While most people were watching Andy Murray’s triumph or Mohammed Morsi’s fall, the phone-hacking scandal took yet another turn. Almost exactly two years to the day after the Milly Dowler story broke, the investigative site Exaro revealed a secret recording (appropriately enough) of Rupert Murdoch addressing Sun staff in March in which he describes payments to the police and public officials as “the culture of Fleet Street” and expresses regret at News Corp’s co-operation with the hacking inquiry.
In reference to the decision of the company’s internal management and standards committee to hand over documents to the police, Murdoch said:
… it was a mistake, I think. But, in that atmosphere, at that time, we said, ‘Look, we are an open book, we will show you everything’. And the lawyers just got rich going through millions of emails.

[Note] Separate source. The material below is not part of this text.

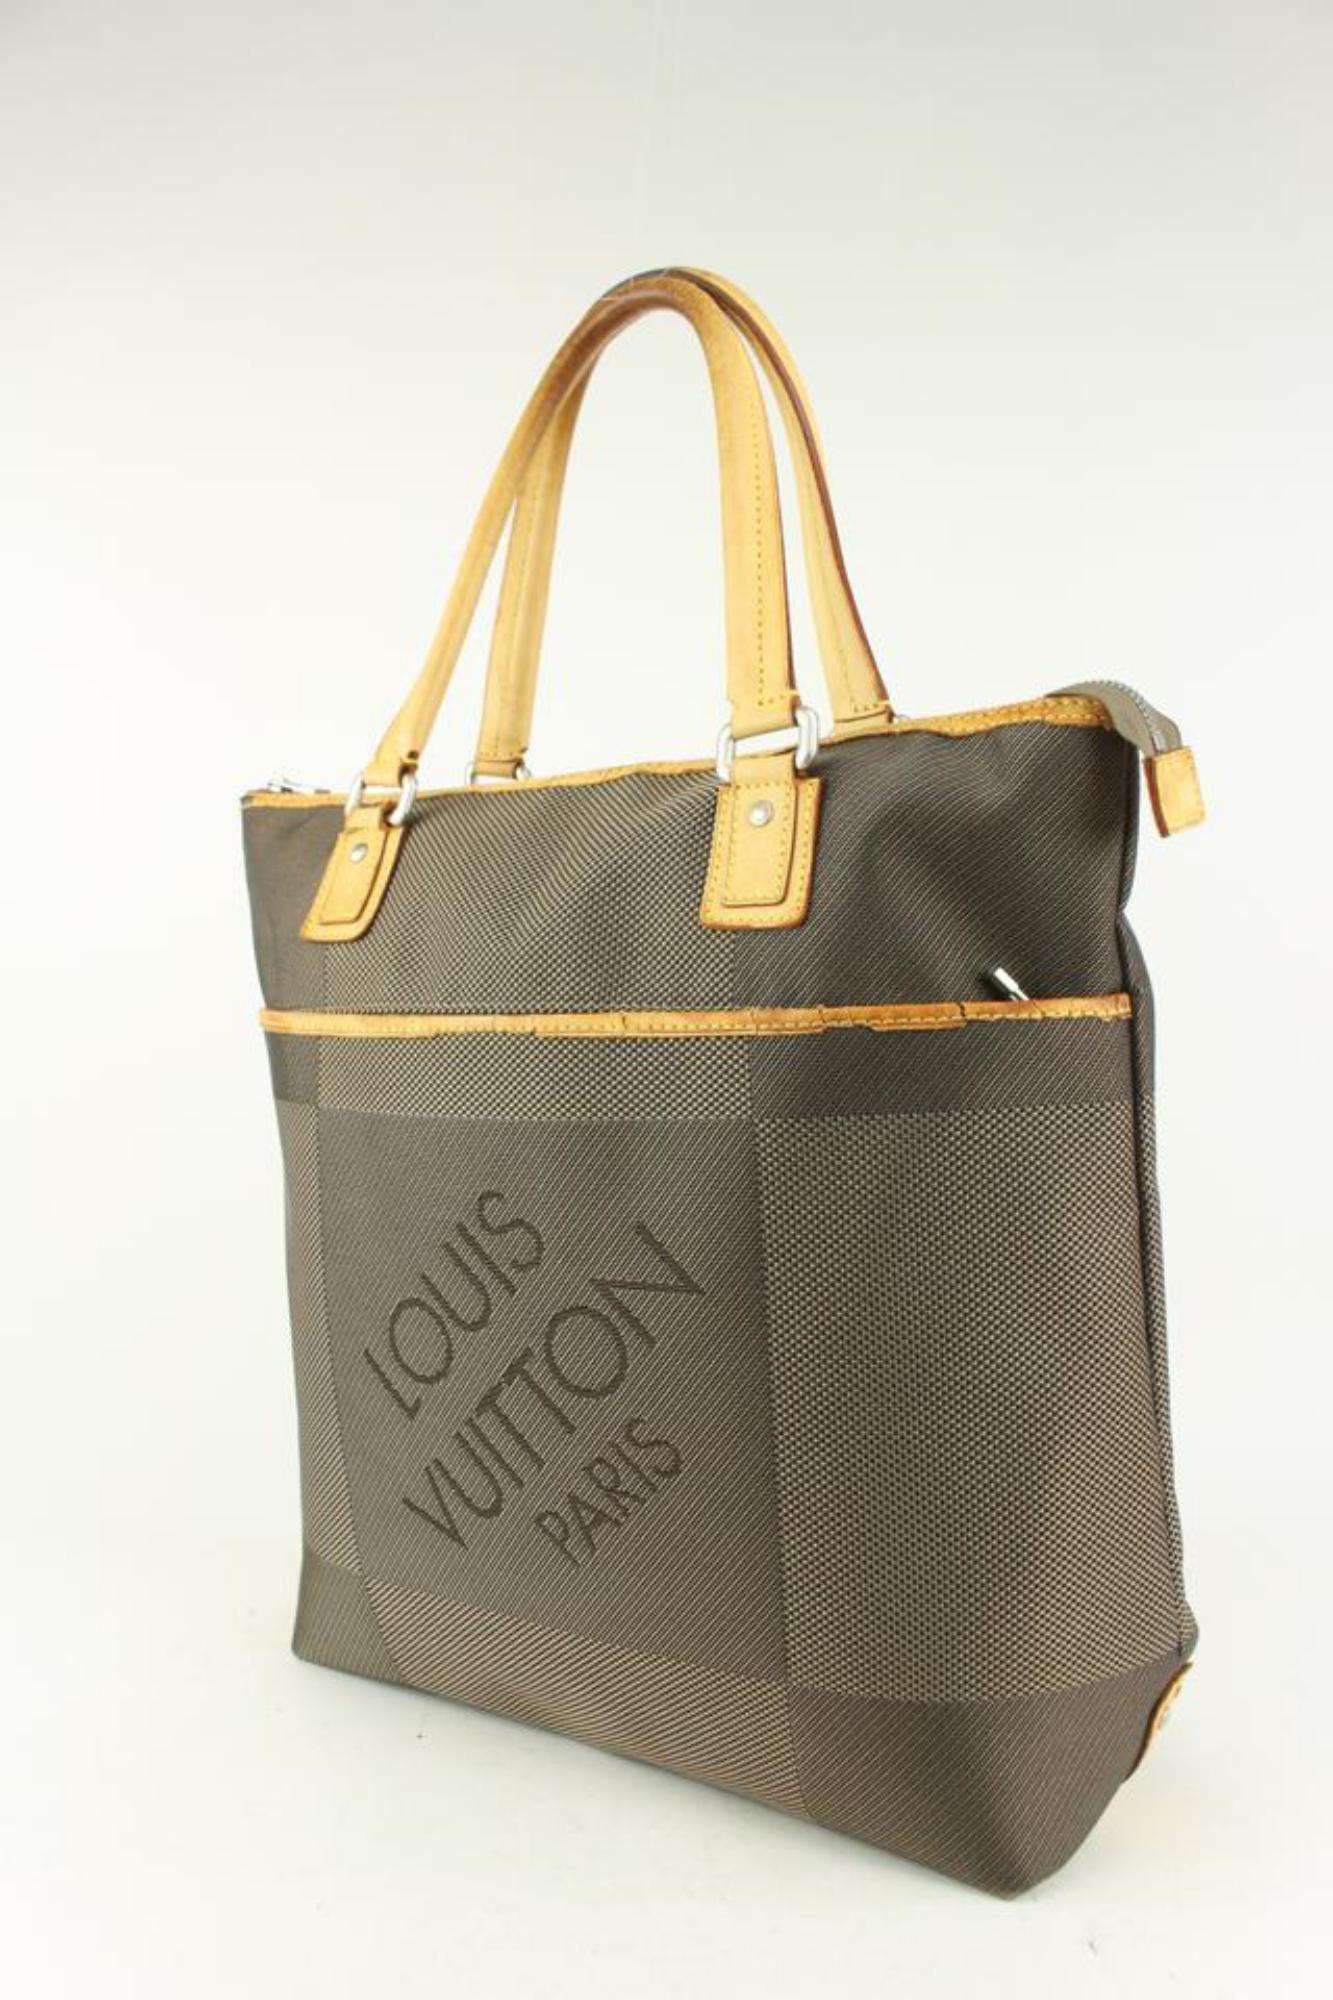 Louis Vuitton Damier Geant Cougar Tote bag 1028lv16 For Sale 6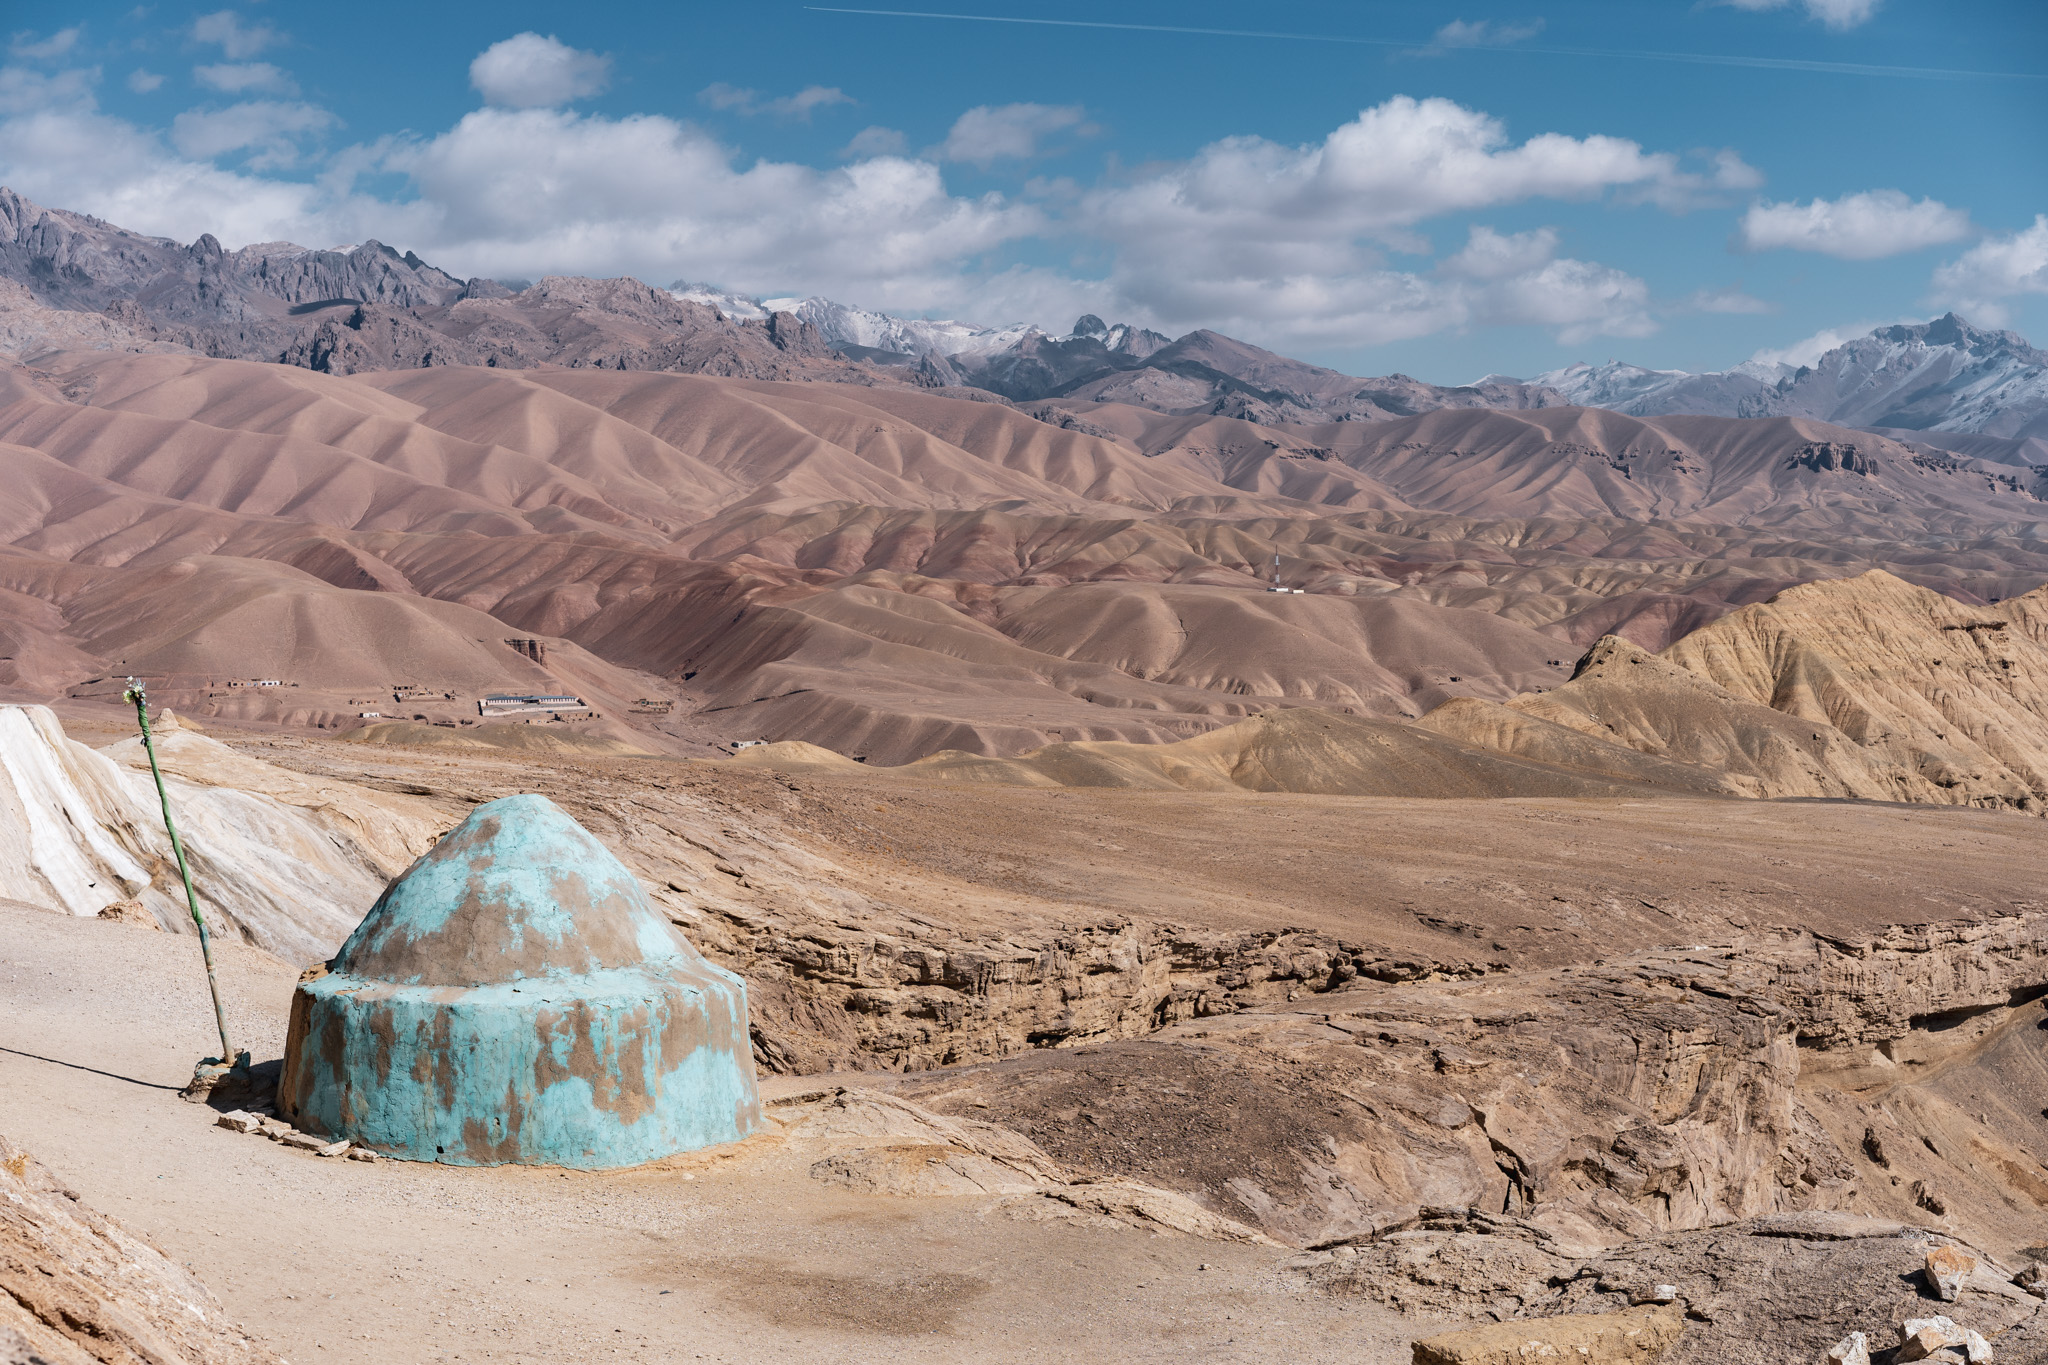 View of the Bamiyan Valley from Dara-e Ajdahar

All I can say is, for the last several months, we have told, the MSC has told, and [**** ****], who’s a terrific lawyer, has told the police, has said, ‘No, no, no – get a court order. Deal with that.’
After journalists told him that they felt scapegoated, he commented:
We’re talking about payments for news tips from cops: that’s been going on a hundred years, absolutely. You didn’t instigate it.
Labour MPs Tom Watson and Chris Bryant, the twin scourges of News Corp, have been quick to respond, urging police to question Murdoch and to consider charging him with perverting the course of justice.
Bryant, the shadow immigration minister, who I’m told is in line for a promotion when Ed Miliband reshuffles his team, tweeted this morning: “So there’s a surprise, @rupertmurdoch was lying and play acting when he appeared before parliament. Time police considered charging him.”
Watson told Channel 4 News last night: “What he seems to be saying there is that they stopped co-operating with the police before the Sun staff started to rebel. And what I would like to know is what are they sitting on that they’ve not given the police. And I’m sure that this transcript and this audiotape should be in the hands of the police tomorrow because I hope that they’re going to be interviewing Rupert Murdoch about what he did know about criminality in his organisation.”
News Corp has responded by declaring that “No other company has done as much to identify what went wrong, compensate the victims, and ensure the same mistakes do not happen again. The unprecedented co-operation granted by News Corp was agreed unanimously by senior management and the board, and the MSC continues to co-operate under the supervision of the courts.”
For Ed Miliband, under relentless fire from the Tories over the Unite-Falkirk affair, the story comes at a convenient moment. At yesterday’s PMQs, after Cameron accused him of “taking his script from the trade unions”, Miliband reminded MPs that it was the Prime Minister who “brought Andy Coulson into the heart of Downing Street”. Anything that revives interest in the scandal, ahead of Coulson’s trial in September, remains political gold for the Labour leader.